═══ Material provided

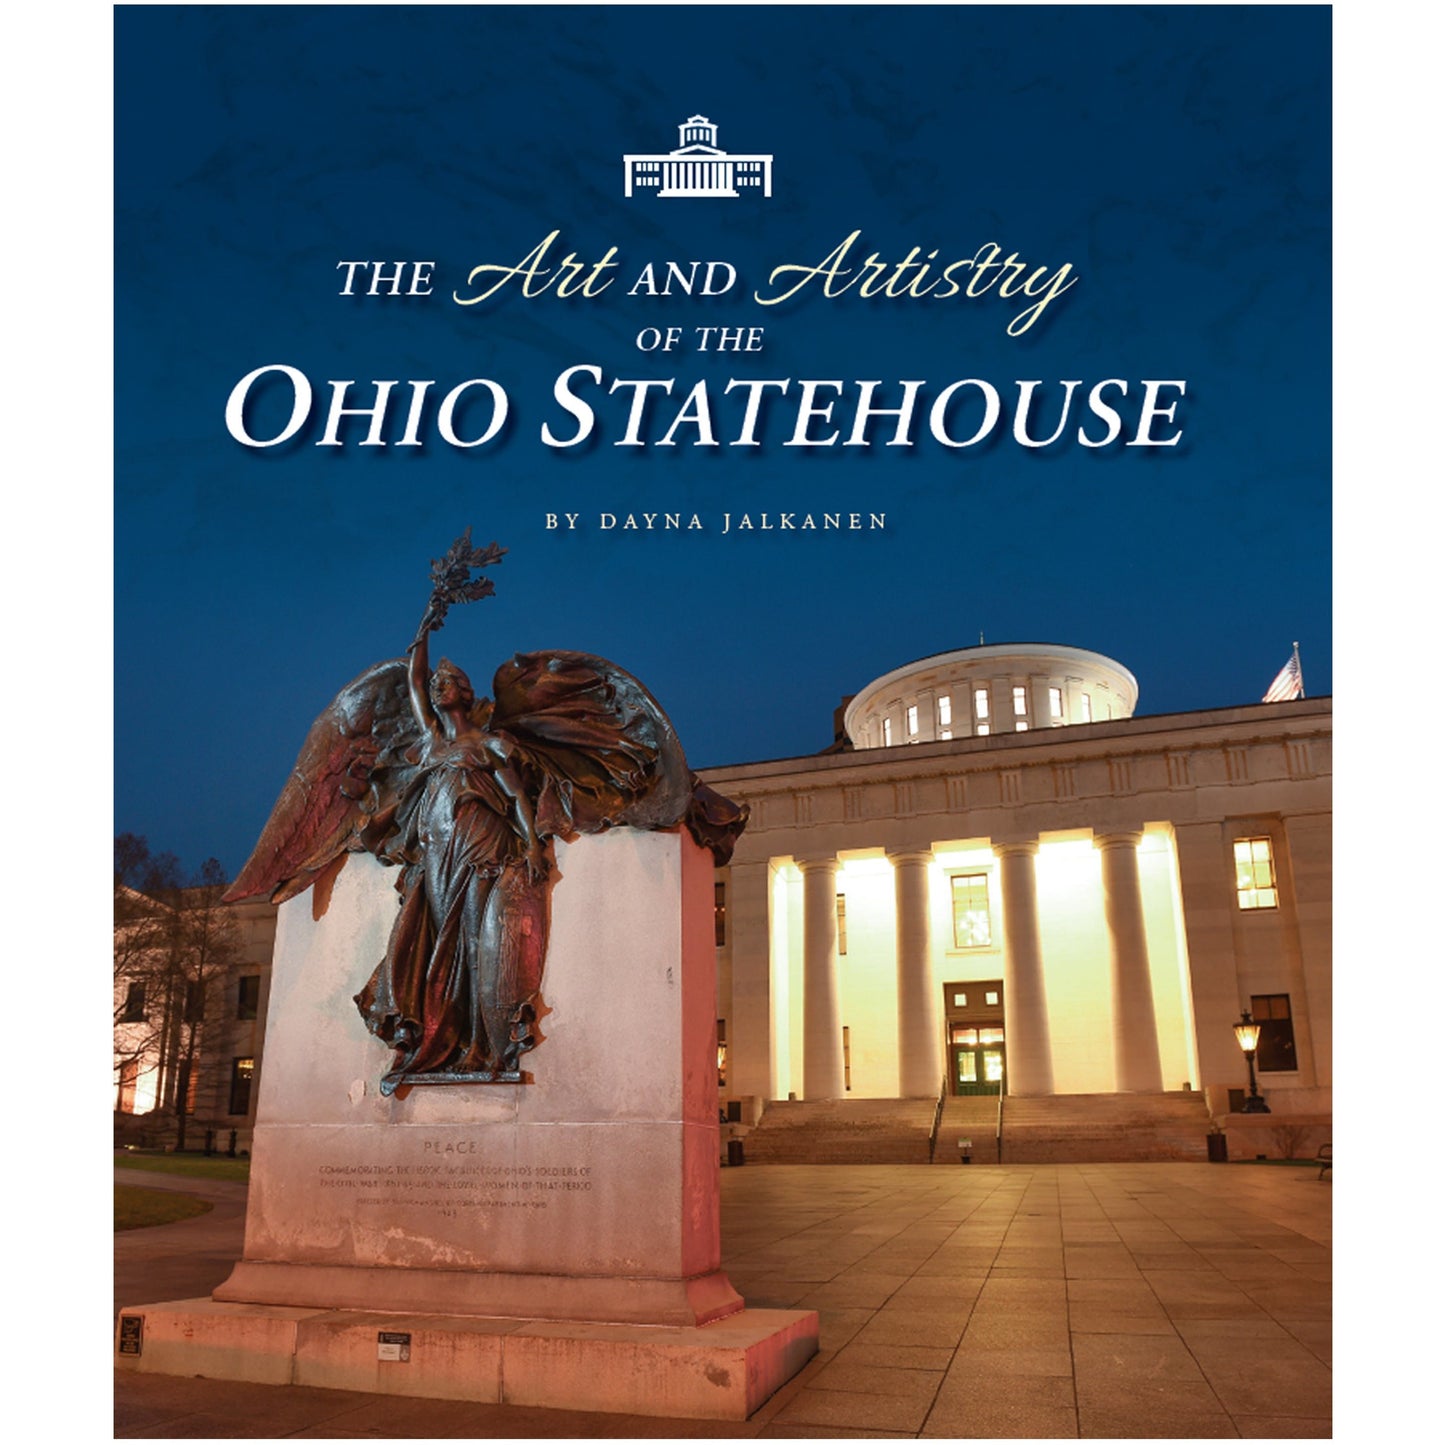 The Art And Artistry of the Ohio Statehouse by Dayna Jalkanen
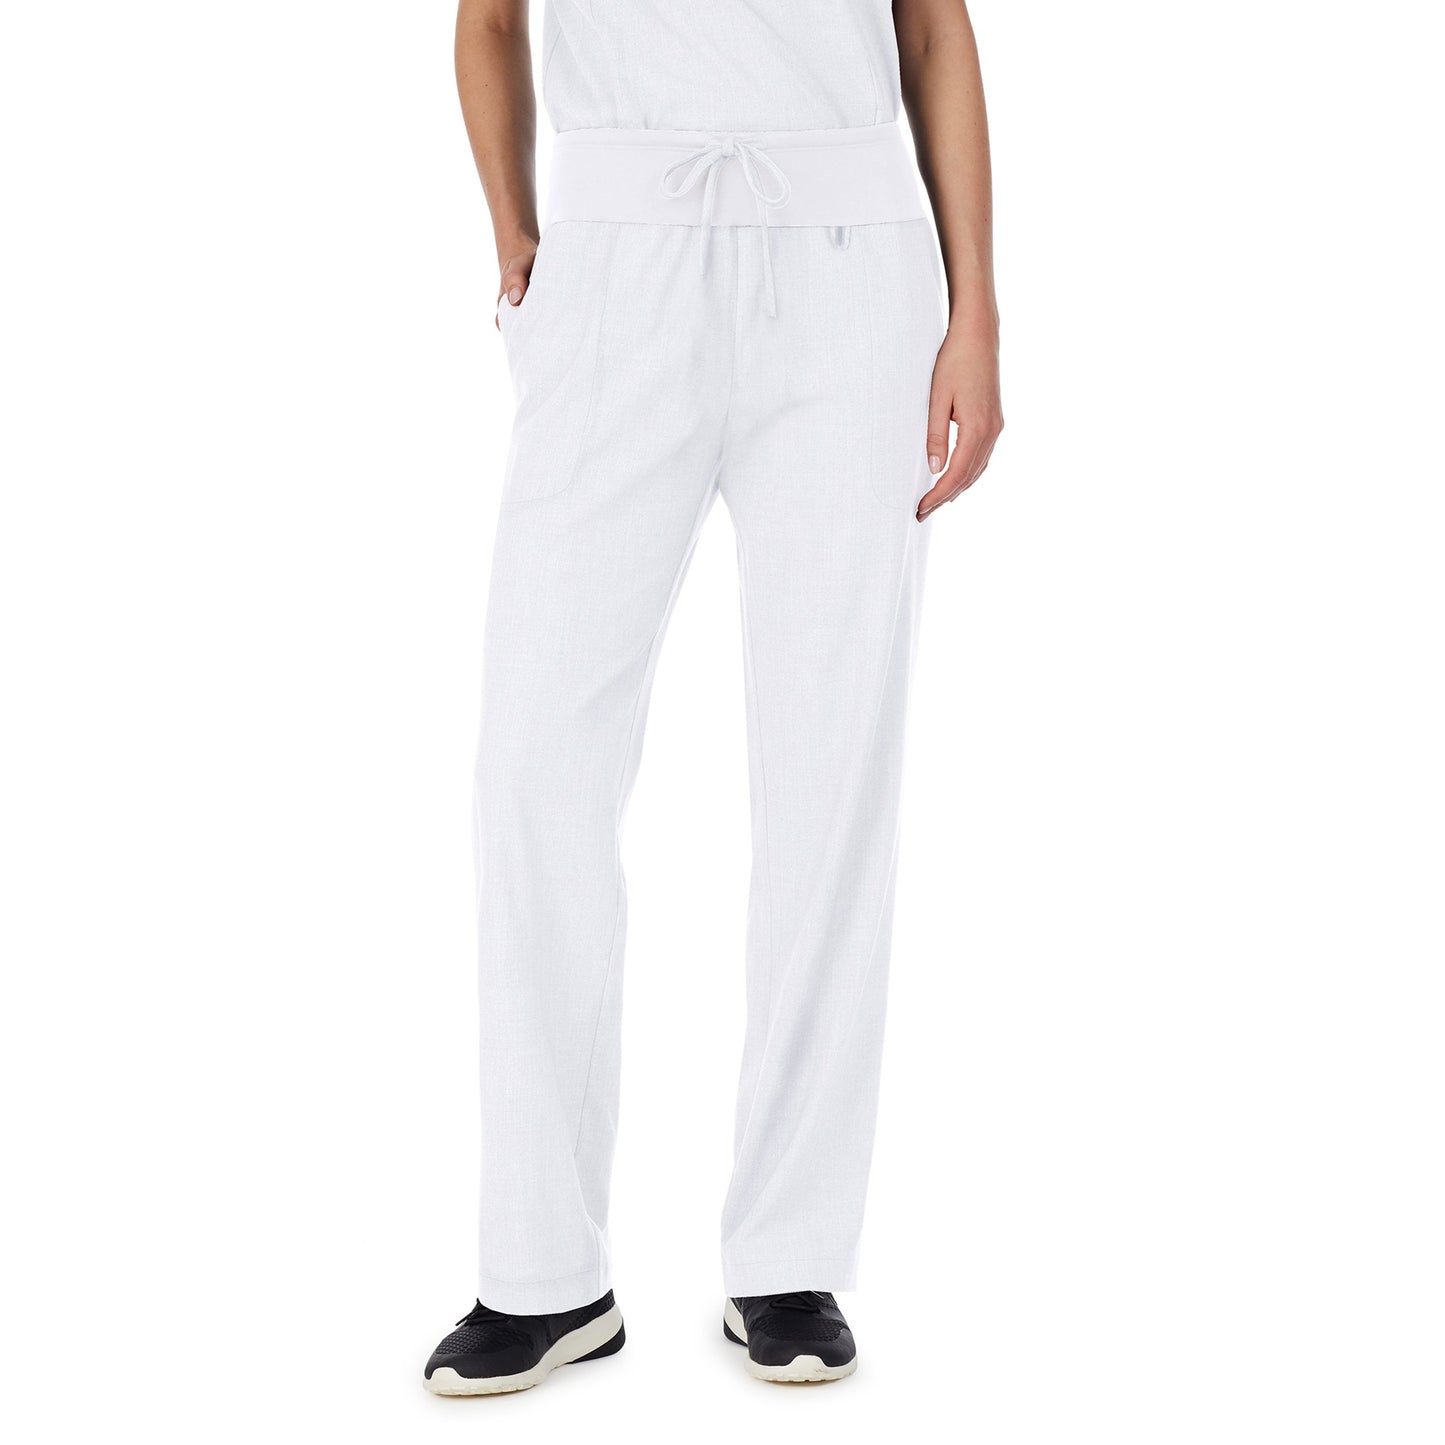 White;Model is wearing size S. She is 5’9”, Bust 32”, Waist 23", Hips 34.5”.@A lady wearing white scrub classic pant.
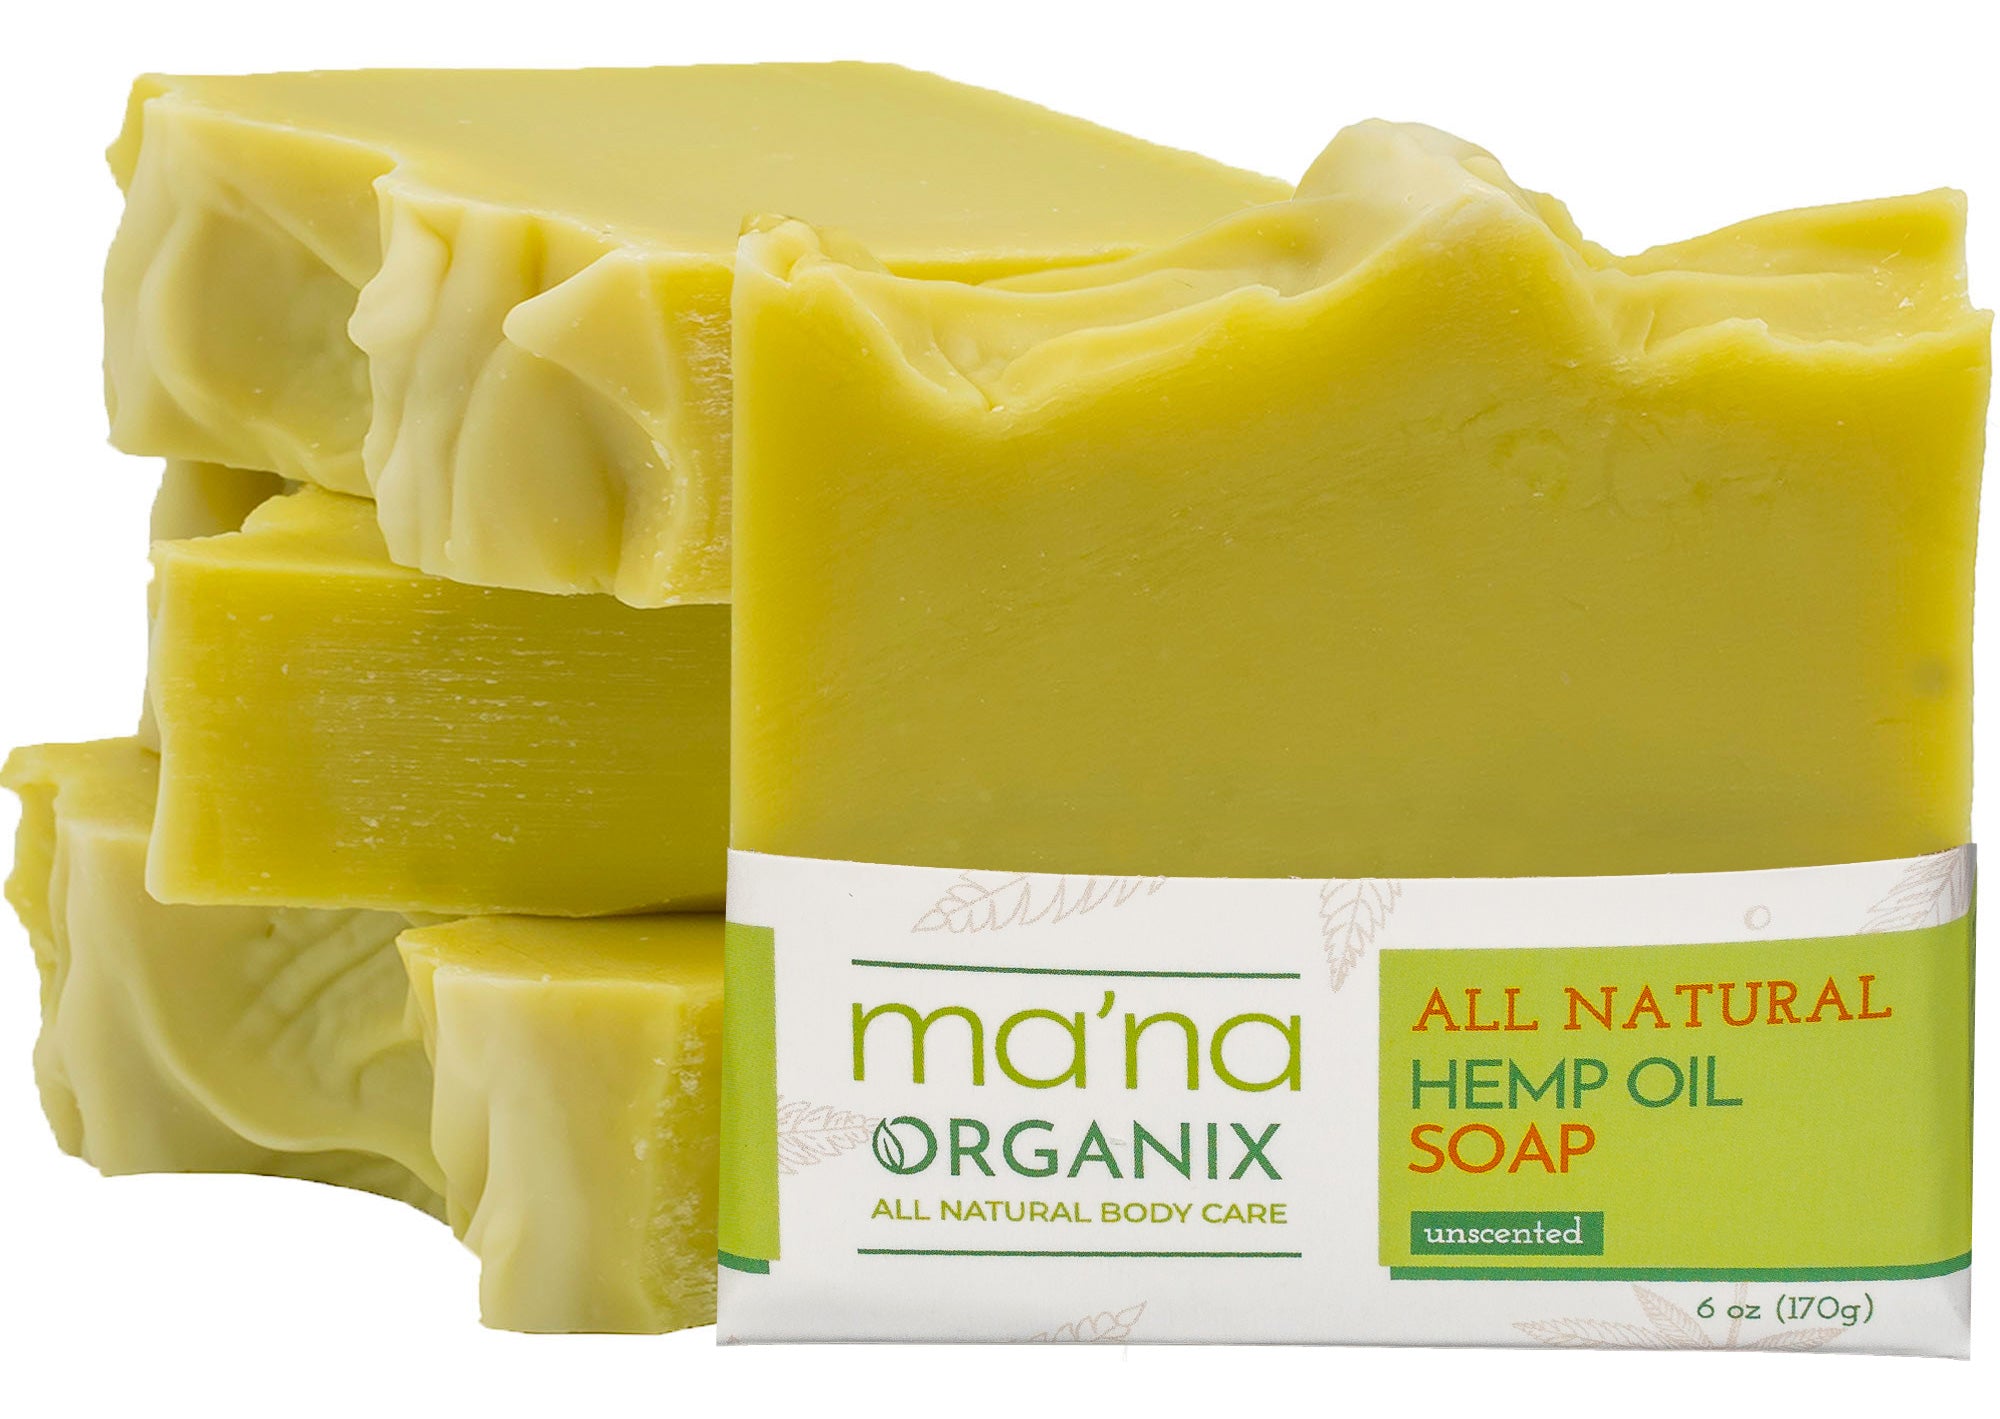 All Natural Hemp Oil Soap Bar with Ecofriendly and Biodegradable Packaging (6 oz.)

══════

Task instructions »
From the line that contains "White;Model is wearing" to the final line of the material, write out each line exactly. Pictures stay out.

Answer to this task »
 White;Model is wearing size S. She is 5’9”, Bust 32”, Waist 23", Hips 34.5”.@A lady wearing white scrub classic pant.
 All Natural Hemp Oil Soap Bar with Ecofriendly and Biodegradable Packaging (6 oz.)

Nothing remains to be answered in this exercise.